[Start of section]
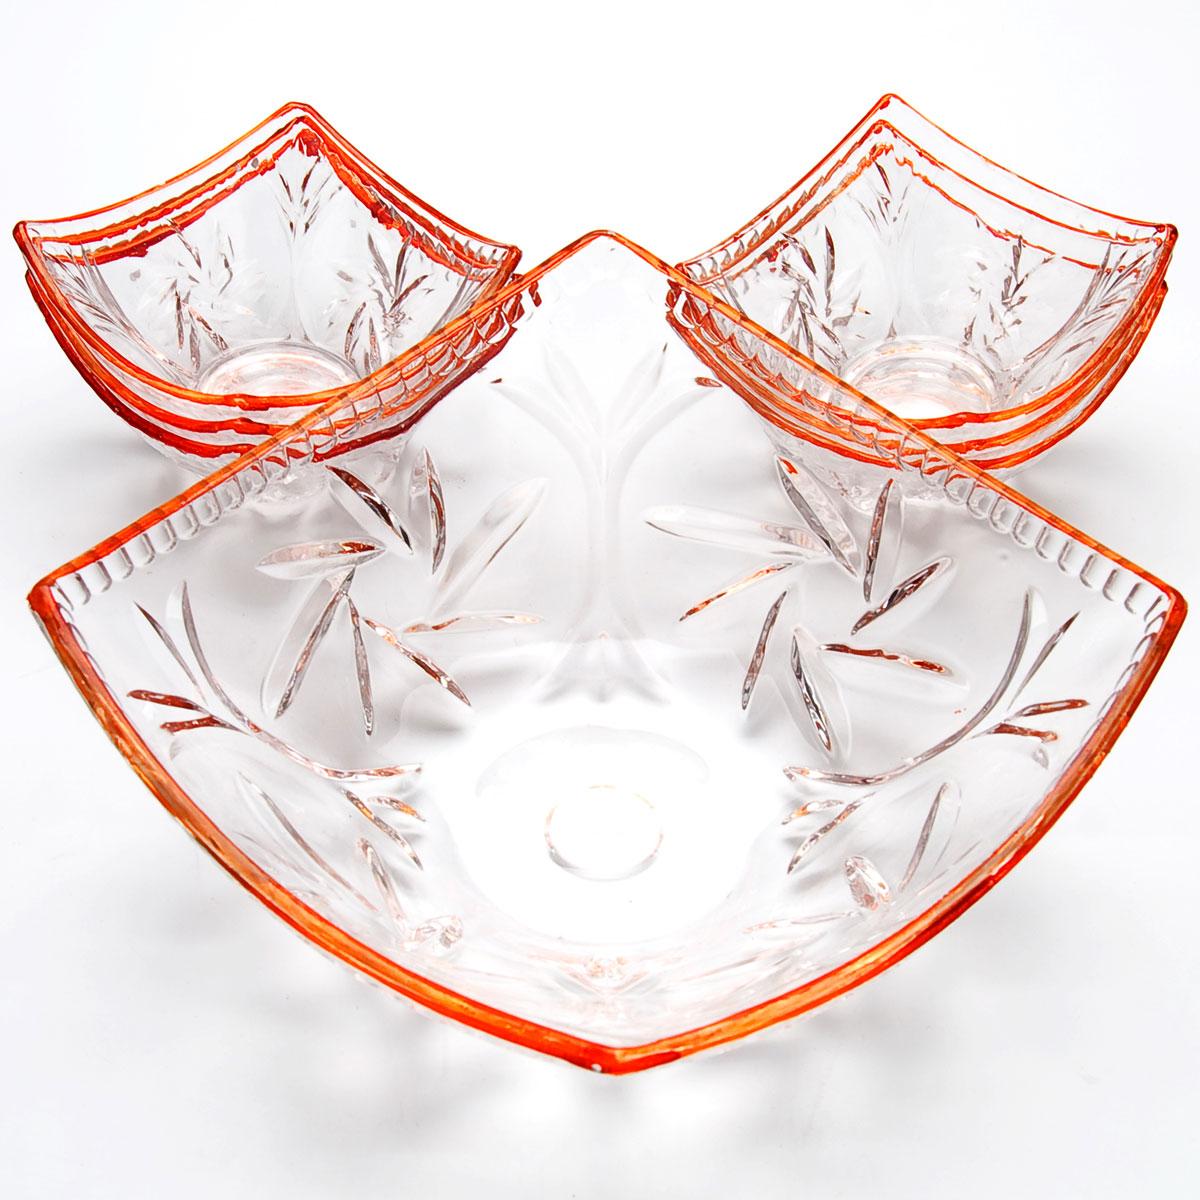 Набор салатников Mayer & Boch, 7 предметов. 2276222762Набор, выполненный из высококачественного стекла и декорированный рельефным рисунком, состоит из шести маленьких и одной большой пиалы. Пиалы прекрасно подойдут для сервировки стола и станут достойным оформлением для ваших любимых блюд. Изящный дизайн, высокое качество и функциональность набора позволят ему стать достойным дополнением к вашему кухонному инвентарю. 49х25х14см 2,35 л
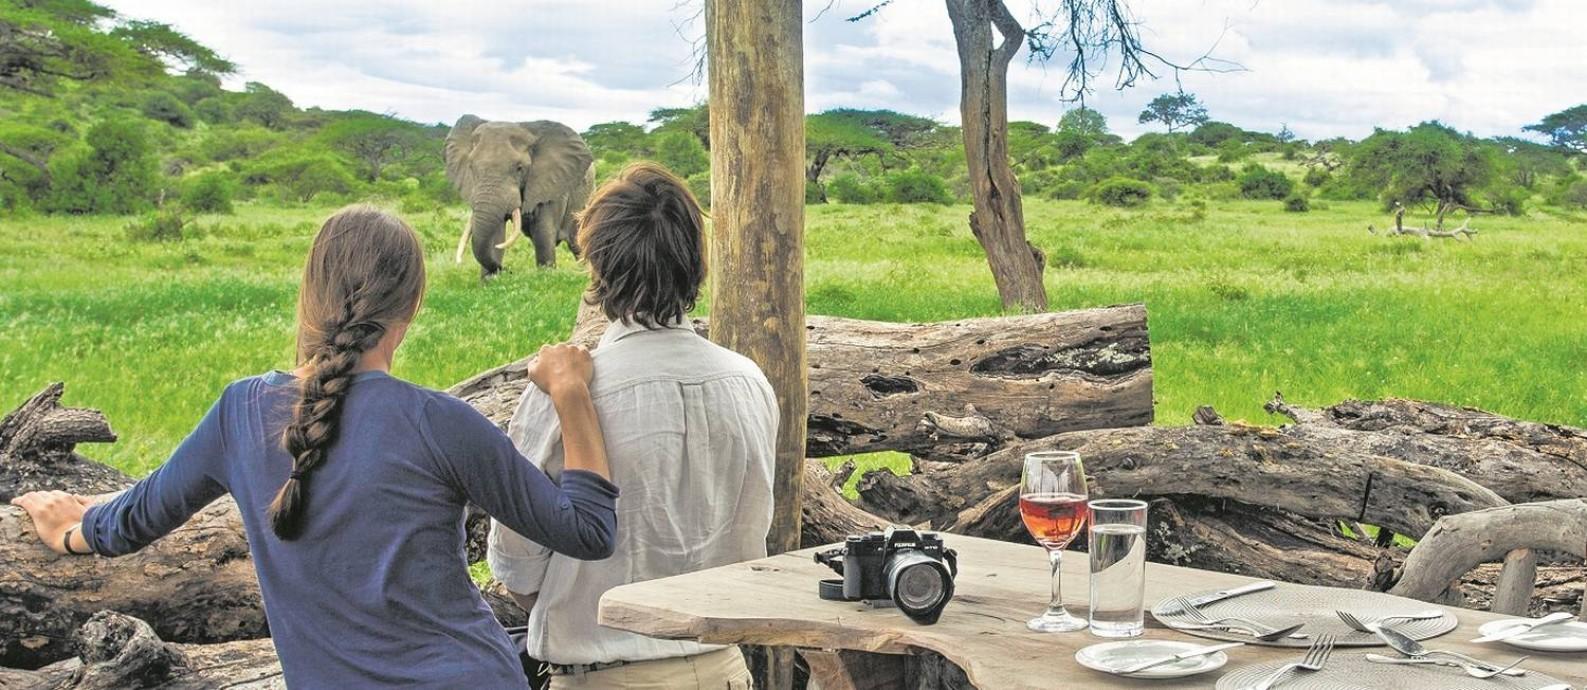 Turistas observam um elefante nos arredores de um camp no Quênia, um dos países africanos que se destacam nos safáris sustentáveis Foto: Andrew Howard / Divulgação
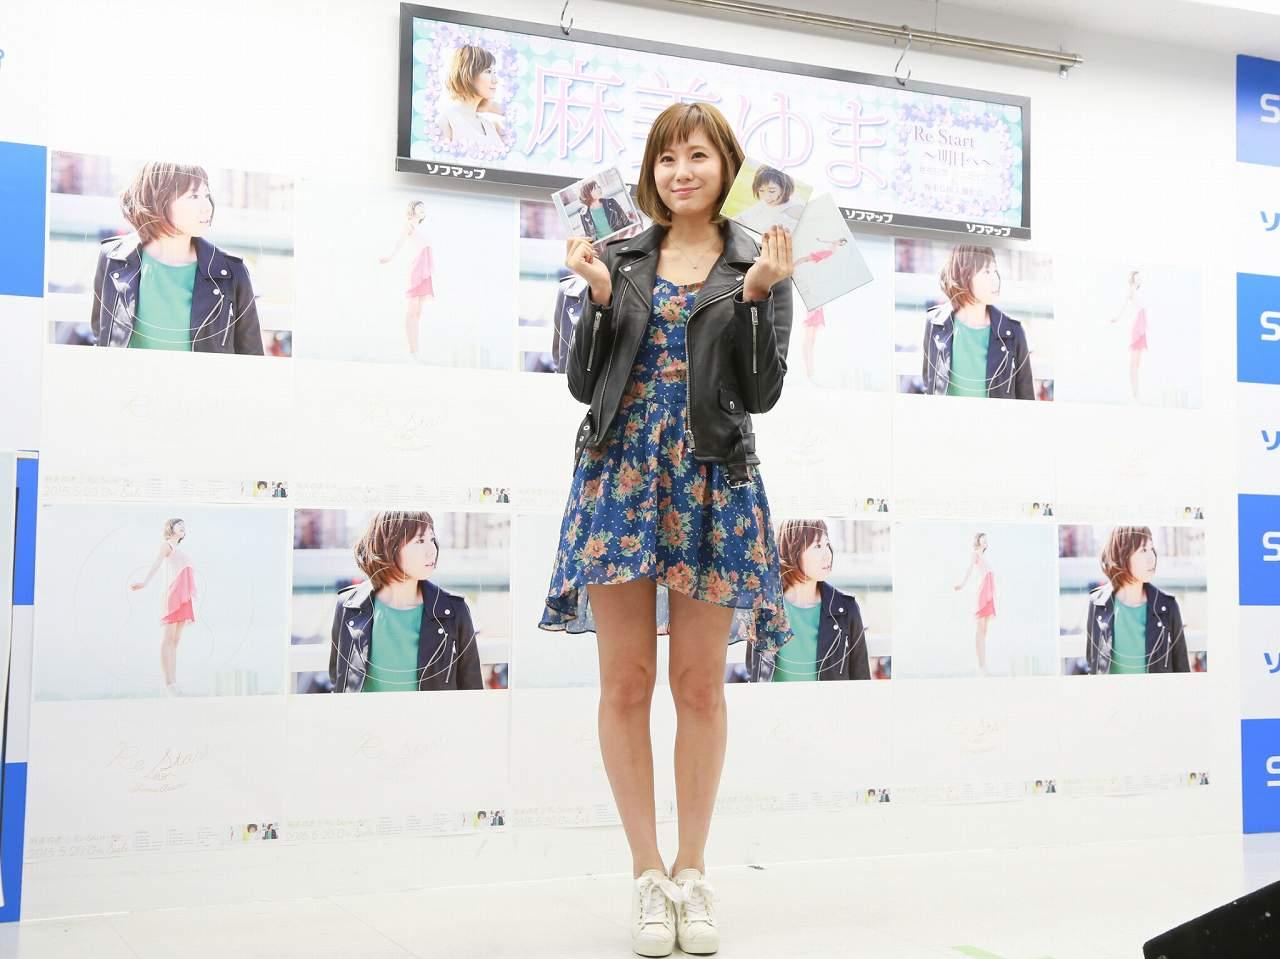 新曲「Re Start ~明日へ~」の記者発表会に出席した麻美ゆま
[End of section]
> **What you have to do**
When you write out the data, keep every line exact and drop the pictures.

> **Task answer**
 Набор салатников Mayer & Boch, 7 предметов. 2276222762Набор, выполненный из высококачественного стекла и декорированный рельефным рисунком, состоит из шести маленьких и одной большой пиалы. Пиалы прекрасно подойдут для сервировки стола и станут достойным оформлением для ваших любимых блюд. Изящный дизайн, высокое качество и функциональность набора позволят ему стать достойным дополнением к вашему кухонному инвентарю. 49х25х14см 2,35 л
 Turistas observam um elefante nos arredores de um camp no Quênia, um dos países africanos que se destacam nos safáris sustentáveis Foto: Andrew Howard / Divulgação
 新曲「Re Start ~明日へ~」の記者発表会に出席した麻美ゆま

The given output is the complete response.